Though friends today would never think of me as being shy or afraid to get up in front of people, this is actually very true about me. Once I'm comfortable in a situation, my shyness vanishes and well, I tend to be the life of the party type of person, but initially, I'm shy.
I am extremely unconfortable getting up in front of a group and speaking or doing anything, for that matter, though I try to overcome that as an adult. I don't think I'll ever be wonderful at it, but in a small group situation, I can fake it ok.
But back in 8th grade when everyday can be drama and traumatic situations, was when my most embarrassing moment happened.
I was in school in San Diego, California - Marston Junion High School, to be specific. In gym, which in addition to having to take mandatory showers (which was a whole different type of embarrassing, as I was still wearing undershirts, if I remember correctly and knew that I liked girls and felt like I shouldn't even be in the locker room, let alone in the showers!), one of the class requirements for gym was doing modern dance. Yeah, a lesbian's nightmare!
First, a little background. I was taller than most of the girls at 5'2" and this was my first year at this school, so I didn't have a lot of friends, but had a few. I always felt like I didn't quite fit, between how I looked and also how I felt inside. This was 1971, so being gay wasn't a subject being talked about. In fact, I didn't even know the term or if there was anyone else that felt the way I did, so it just made it that much more uncomfortable and isolating.
Anyway, back to the dancing. oy. During class, they had us learning different moves and that wasn't too bad, as I soon realized that pretty much everyone felt weird about doing this stuff, so there was lots of giggling and pointing at each other. But we were told that at the end of the quarter there would be a dance recital. You could either do a solo dance or you could form a group of 2 or 3 people to perform a dance to any song of your choice.
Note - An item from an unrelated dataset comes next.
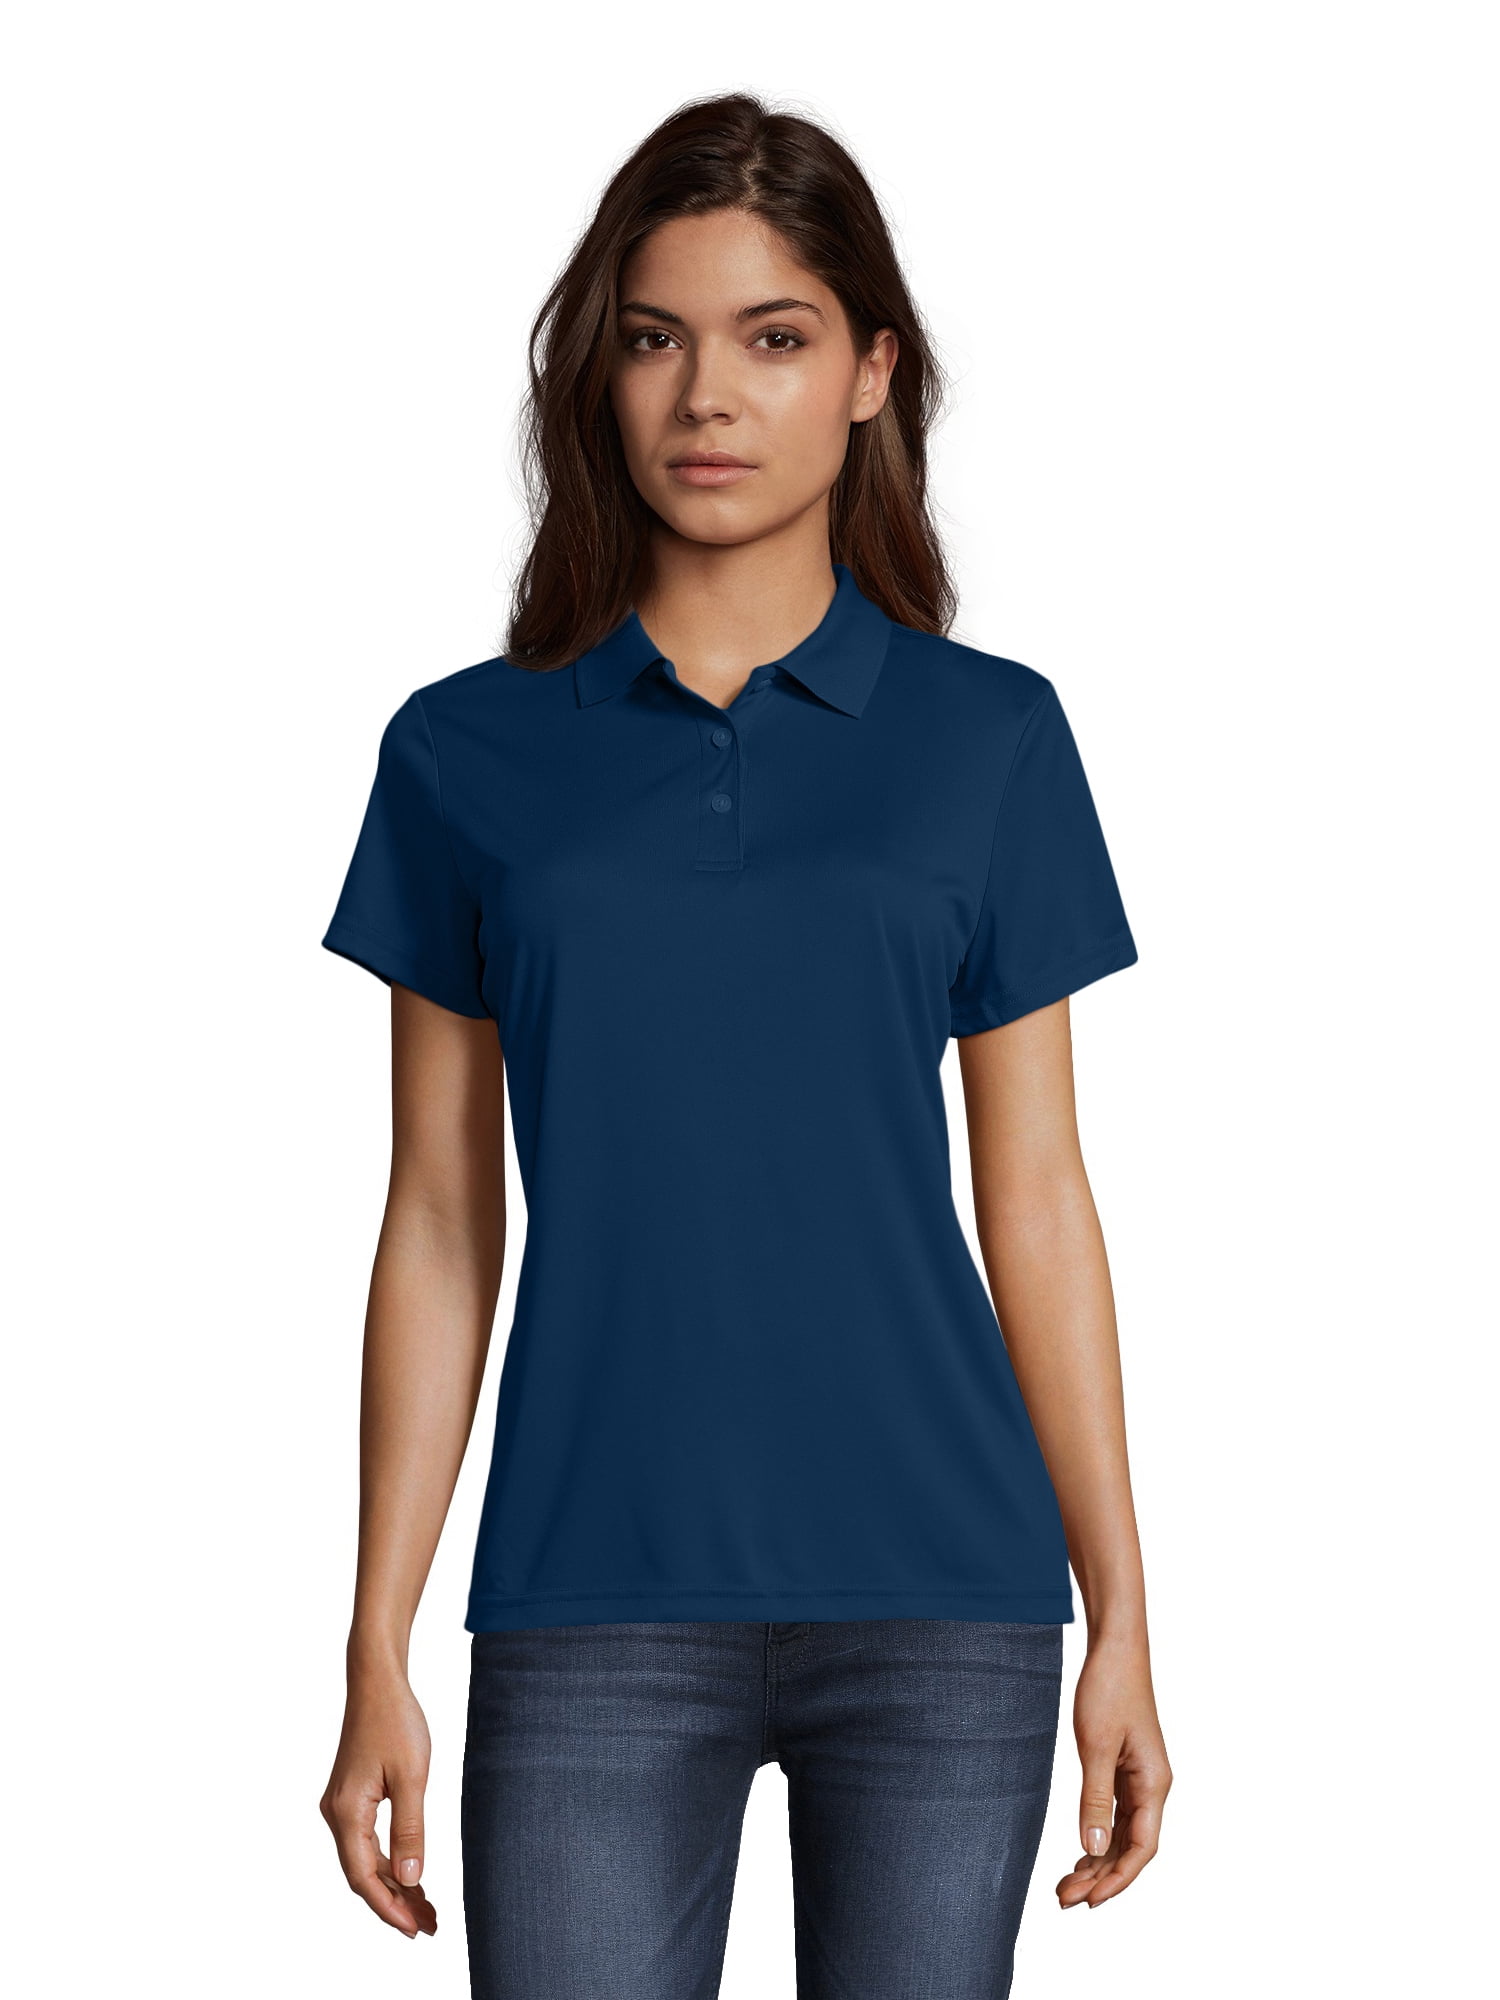 Hanes Women's Cooldri Short Sleeve Performance Polo Shirt - Walmart.com

My stomach turned over many times when I heard this assignment. I knew I would not be doing a solo and a friend named Pam asked if I wanted to do it with her. Pam was Asian and tiny. The height difference had to be about 5 inches between us. She came over to my house to practice and left choosing the song up to me and said that she'd come up with the dance steps.
Being a Beatle's fan, I chose "We Can Work It Out". I'm not sure why that song, other than I liked it and even after we realized how weird the beat of that song was and how the tempo changes during the song, we kept it.
Anytime I told Pam how scared I was going to be to get up in front of all those people and dance, she would "Shush" me and tell me that i was to just look at her and forget that anyone else was there. I was just to pretend we were still in my living room practicing. Our gym class was about 25 girls but that seemed like thousands to me.
The day of the performance, I had no feeling in my body, yet, was so nauseous, I spent a lot of time in the bathroom. My hands were tingling. People were telling me that I was white as a ghost. Gym was right before lunch. (Just thinking about this as I'm writing, I'm able to feel what I felt that day! TERRIBLE!)
Into the locker room I go, where Pam is waiting for me. I tell her that I can't do this. To just do it without me. She laughed and said I would be fine.
Just then, some other girls came in and I heard them saying how many people were out in the gym waiting for the dance show to begin - that all the gym classes were going to be the audience. WHAT?! Oh, no. I crept out there and peeked and sure enough, the gym had not only the 8th grade classes, but the 7th & 9th grades, too!
If I could have left the school and gone home, I woud have.
We all went into the gym and we were given numbers for our order of appearance. We were towards the end. I watched many talented dancers. I watched funny dancers. The dread was literally taking me over. Finally, it was our turn.
I actually felt like I was having an out of body experience. I vaguely remember going out on the floor, taking our positions, trying to focus on Pam. She kept mouthing to me to smile, but I was concentrating too much on not throwing up to smile!
The music began. My feet moved. And somehow we were dancing. And then I just stopped. I couldn't remember anything. I couldn't hear the music. I froze. I looked at Pam, mouthed "I'm sorry." and left. Ran into the locker room. Got dressed (we had been in our gym clothes for the dancing) into my regular clothes and ran out of the gym building and found the nearest bathroom where I sat and tried to pull myself together. I was crying uncontrollably. I knew I'd let Pam down. I had looked like a jerk. In typical junior high drama, I'd built this whole thing up in my mind to be of epic proportions, but it seemed very real to me. Just how foolish I had looked.
Someone came into the bathroom and told me that it really wasn't that bad, that I'd made it thru most of the dance. Everyone had been looking for me. Pam wasn't mad at me. They were all worried about me.
So I ventured into the cafeteria and as I walked in, everyone turned to look at me and just laughed and pointed, as the dancing story (or lack thereof) had apparently preceded me. I was mortified all over again.
I don't know how I made it thru the rest of the day, but as with most things that are deemed traumatic and brutally awful at that age, it remained in my memory, but I got over it. Yeah, I was teased about it by my friends over the next few years, but I survived.
So, that's what I consider my most embarrassing moment.